Advancing Eyecare Holdings Standard Purchase Terms and Conditions

  1. Your (“Buyer’s”) order is accepted on and subject to the following terms and conditions which may not be modified except in writing signed by Advancing Eyecare Holdings, Inc. (“Seller”) or its duly authorized agent. Seller objects to any different or additional terms contained in any purchase order, offer or confirmation sent or to be sent by Buyer, which are expressly rejected.
  2. Seller shall not be responsible for freight transportation, insurance, shipping, storage, handling, demurrage or similar charges. Unless otherwise agreed in writing, all shipments are FOB Shipping Point. If such charges are by the terms of sale included in the price, any increase in rates becoming effective after the date these terms and conditions are delivered or deemed delivered shall be for the account of the Buyer.
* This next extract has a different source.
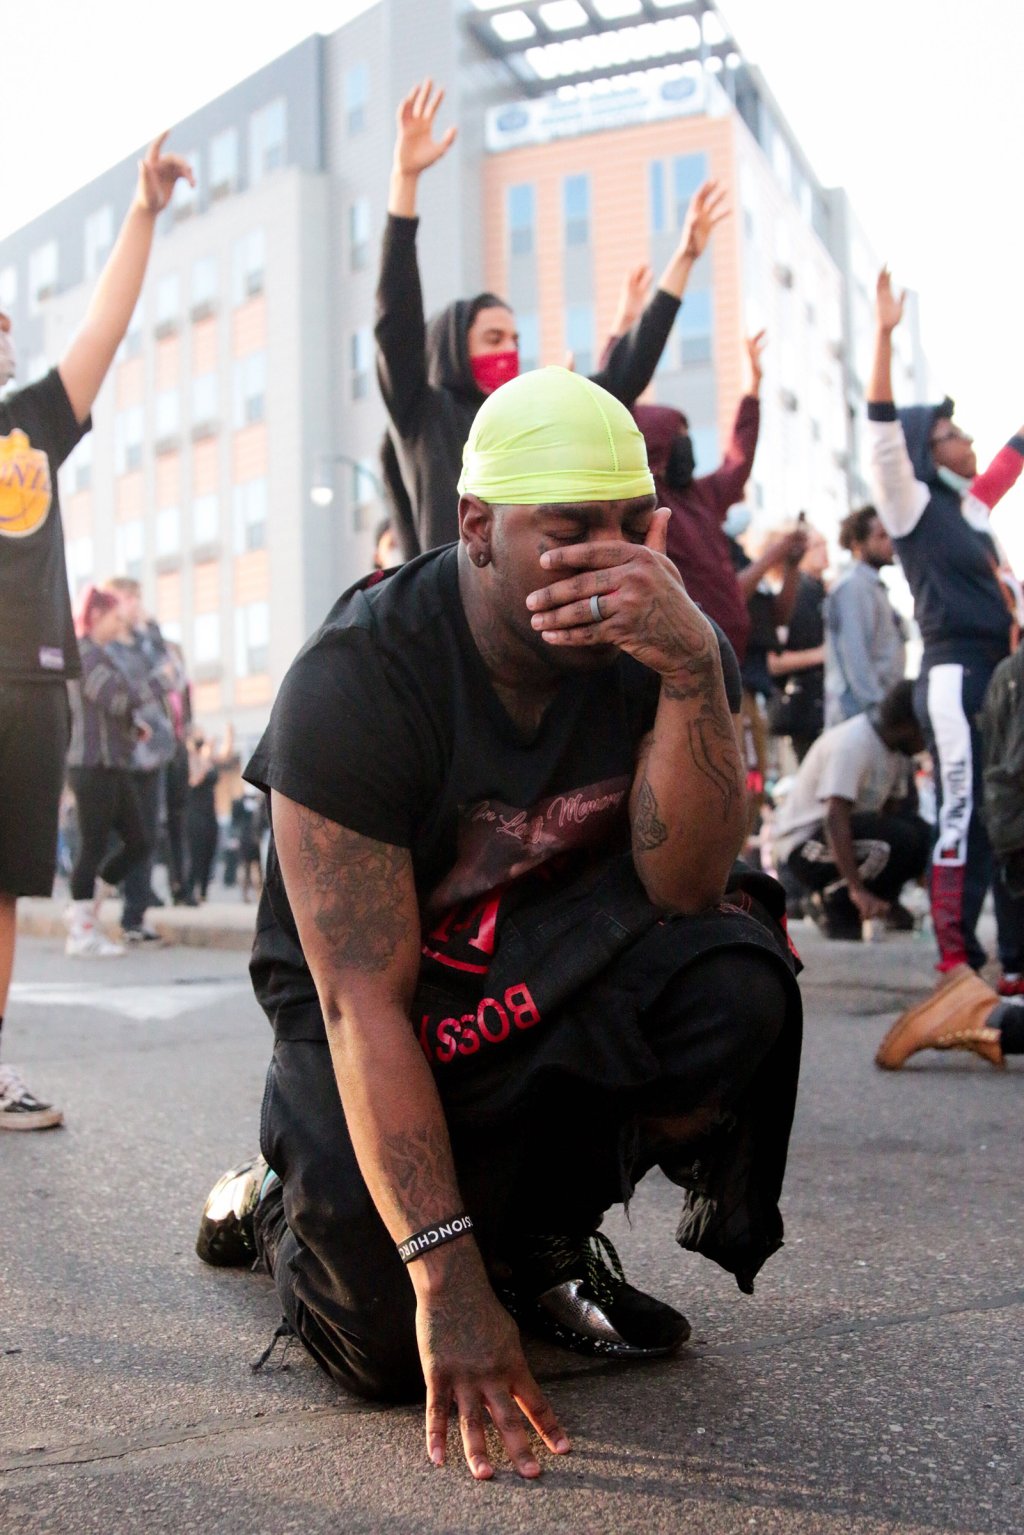 A protester has an emotional moment in Minneapolis on May 29, four days after George Floyd was killed.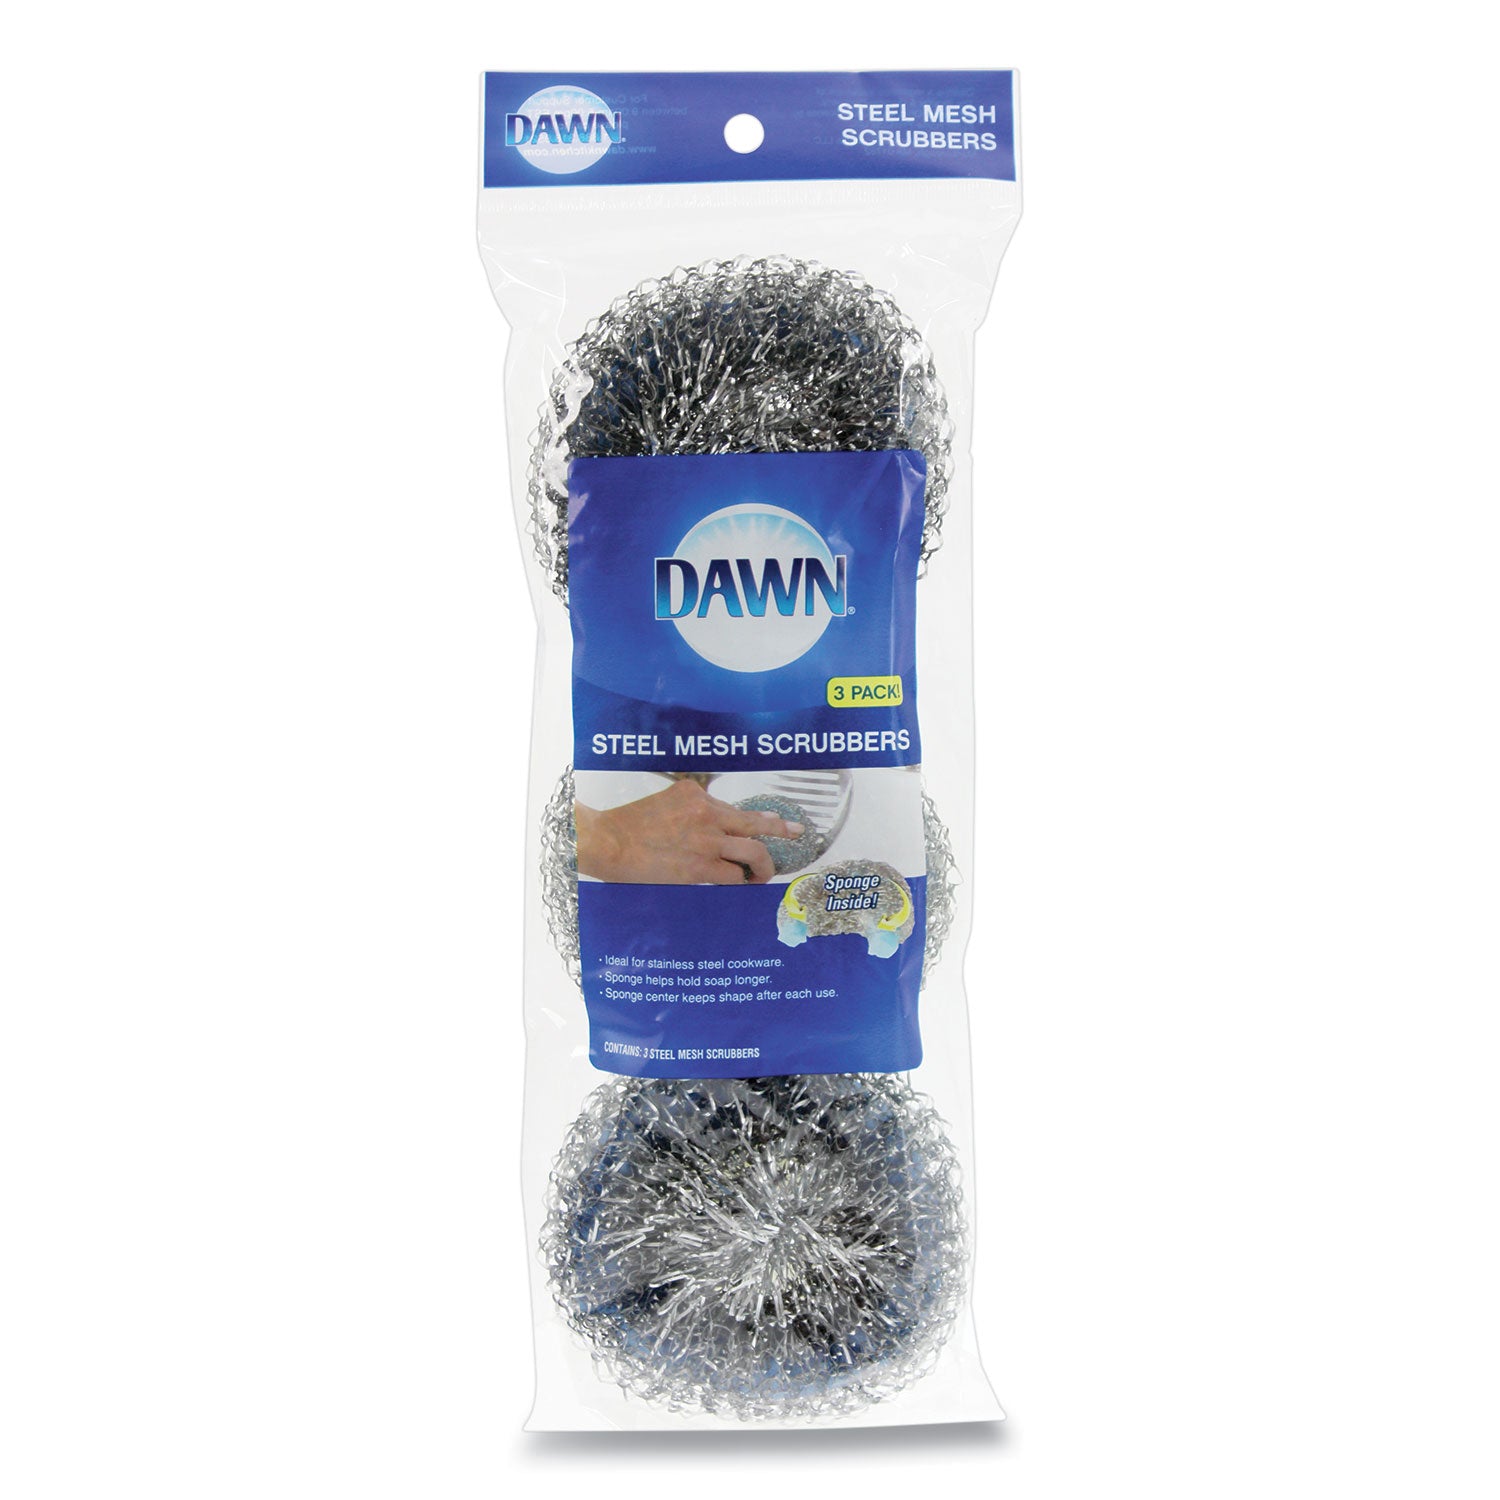 ultra-steel-scrubbers-gray-silver-3-pack_pgc437777 - 1

All sales, excise and similar taxes which the Seller may be required to pay or collect with respect to the equipment covered by this order shall be for the account of the Buyer, except as otherwise provided by law.
  3. Seller shall not be liable for delays in delivery or any failure to deliver due to causes beyond Seller’s control. This includes but is not limited to acts of God, war, riots, embargoes, domestic or foreign governmental regulation or orders, fires, floods, labor difficulties, or inability to obtain shipping space or transportation.
  4. ALL NEW EQUIPMENT IS WARRANTED BY SELLER AGAINST DEFECTIVE MATERIAL AND WORKMANSHIP UNDER NORMAL USE FOR A PERIOD OF ONE YEAR FROM THE DATE OF SHIPMENT TO THE END USER. DEMO OR USED EQUIPMENT IS WARRANTED BY SELLER AGAINST DEFECTIVE MATERIAL AND WORKMANSHIP UNDER NORMAL USE FOR THE PERIOD PROVIDED OR SET FORTH IN THE PURCHASE INVOICE (BUT IN NO EVENT TO EXCEED ONE YEAR FROM THE DATE OF SHIPMENT). SELLER HAS THE OPTION TO REPAIR OR REPLACE ANY DEFECTIVE EQUIPMENT UNDER THIS WARRANTY.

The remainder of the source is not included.